Node:Programmer i18n, Next:, Previous:Explaining gettext, Up:Internationalization



Internationalizing awk Programs

gawk provides the following variables and functions for internationalization:

TEXTDOMAIN
This variable indicates the application's text domain. For compatibility with GNU gettext, the default value is "messages".
_"your message here"
String constants marked with a leading underscore are candidates for translation at runtime. String constants without a leading underscore are not translated.
dcgettext(string [, domain [, category]])
This built-in function returns the translation of string in text domain domain for locale category category. The default value for domain is the current value of TEXTDOMAIN. The default value for category is "LC_MESSAGES".

If you supply a value for category, it must be a string equal to one of the known locale categories described in the previous section. You must also supply a text domain. Use TEXTDOMAIN if you want to use the current domain.

Caution: The order of arguments to the awk version of the dcgettext function is purposely different from the order for the C version. The awk version's order was chosen to be simple and to allow for reasonable awk-style default arguments.

dcngettext(string1, string2, number [, domain [, category]])
This built-in function returns the plural form used for number of the translation of string1 and string2 in text domain domain for locale category category. string1 is the English singular variant of a message, and string2 the English plural variant of the same message. The default value for domain is the current value of TEXTDOMAIN. The default value for category is "LC_MESSAGES".

The same remarks as for the dcgettext function apply.

bindtextdomain(directory [, domain])
This built-in function allows you to specify the directory in which gettext looks for .mo files, in case they will not or cannot be placed in the standard locations (e.g., during testing). It returns the directory in which domain is "bound."

The default domain is the value of TEXTDOMAIN. If directory is the null string (""), then bindtextdomain returns the current binding for the given domain.

To use these facilities in your awk program, follow the steps outlined in the previous section, like so:

  1. Set the variable TEXTDOMAIN to the text domain of your program.

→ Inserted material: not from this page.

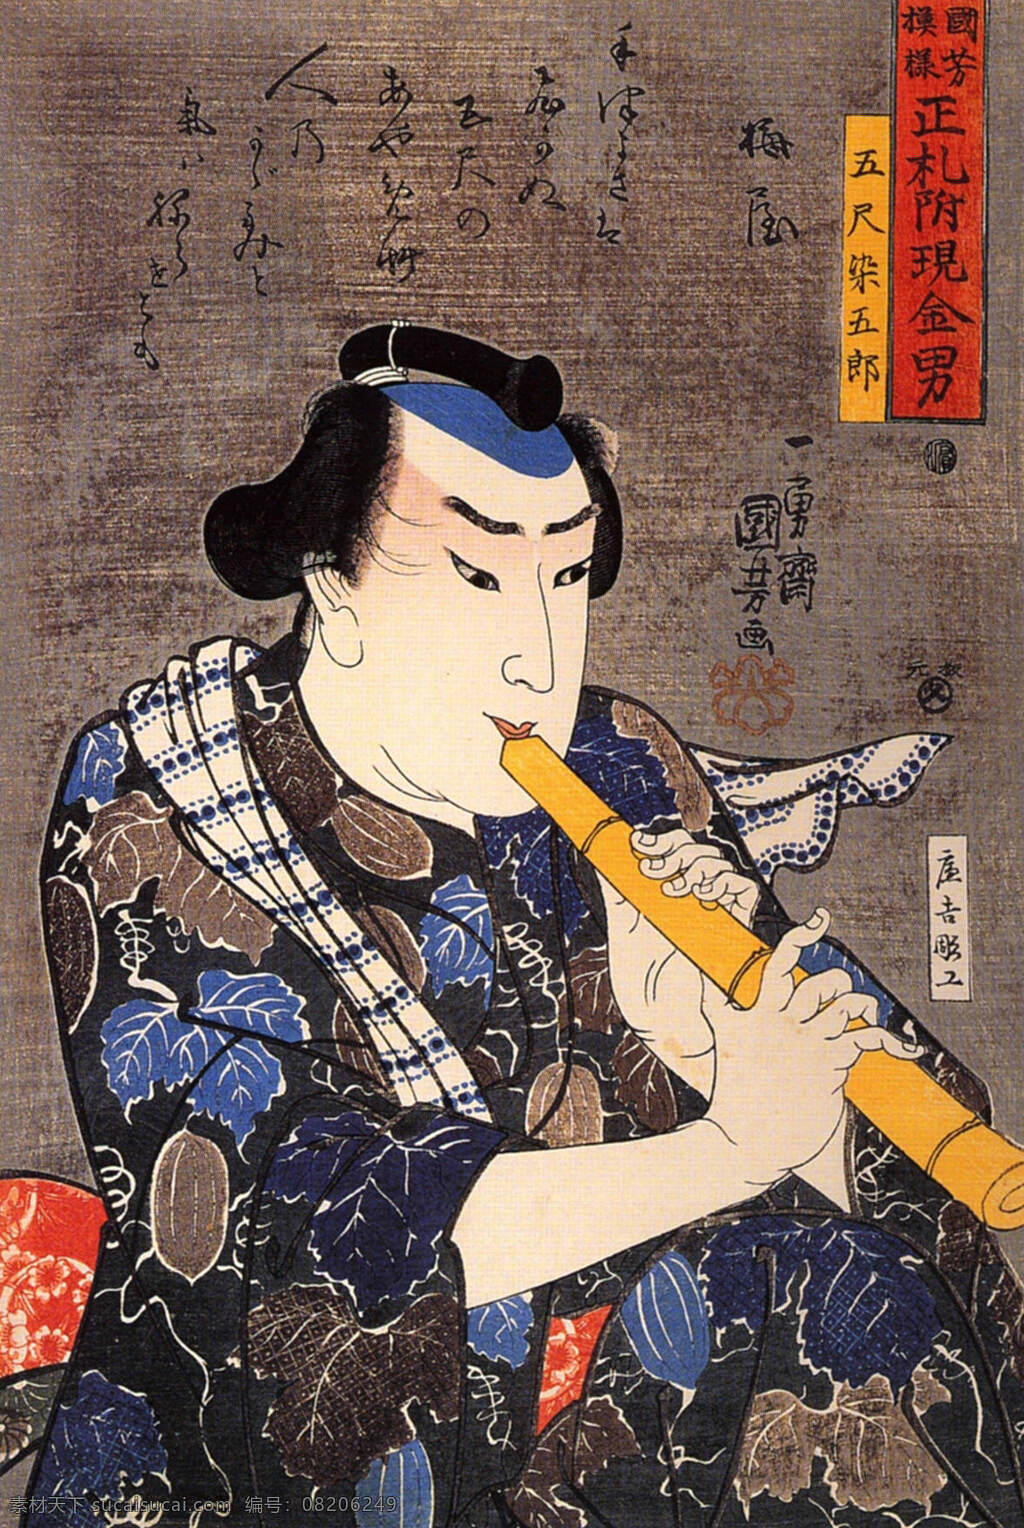 日本 日式 浮世绘 装饰画 壁画 手绘 日本浮世绘 文化艺术 绘画书法

This is best done in a BEGIN rule (see The BEGIN and END Special Patterns), or it can also be done via the -v command-line option (see Command-Line Options):
    BEGIN {
        TEXTDOMAIN = "guide"
        ...
    }
    
  2. Mark all translatable strings with a leading underscore (_) character. It must be adjacent to the opening quote of the string. For example:
    print _"hello, world"
    x = _"you goofed"
    printf(_"Number of users is %d\n", nusers)
    
  3. If you are creating strings dynamically, you can still translate them, using the dcgettext built-in function:
    message = nusers " users logged in"
    message = dcgettext(message, "adminprog")
    print message
    

    Here, the call to dcgettext supplies a different text domain ("adminprog") in which to find the message, but it uses the default "LC_MESSAGES" category.

  4. During development, you might want to put the .mo file in a private directory for testing. This is done with the bindtextdomain built-in function:
    BEGIN {
       TEXTDOMAIN = "guide"   # our text domain
       if (Testing) {
           # where to find our files
           bindtextdomain("testdir")
           # joe is in charge of adminprog
           bindtextdomain("../joe/testdir", "adminprog")
       }
       ...
    }
    

See A Simple Internationalization Example, for an example program showing the steps to create and use translations from awk.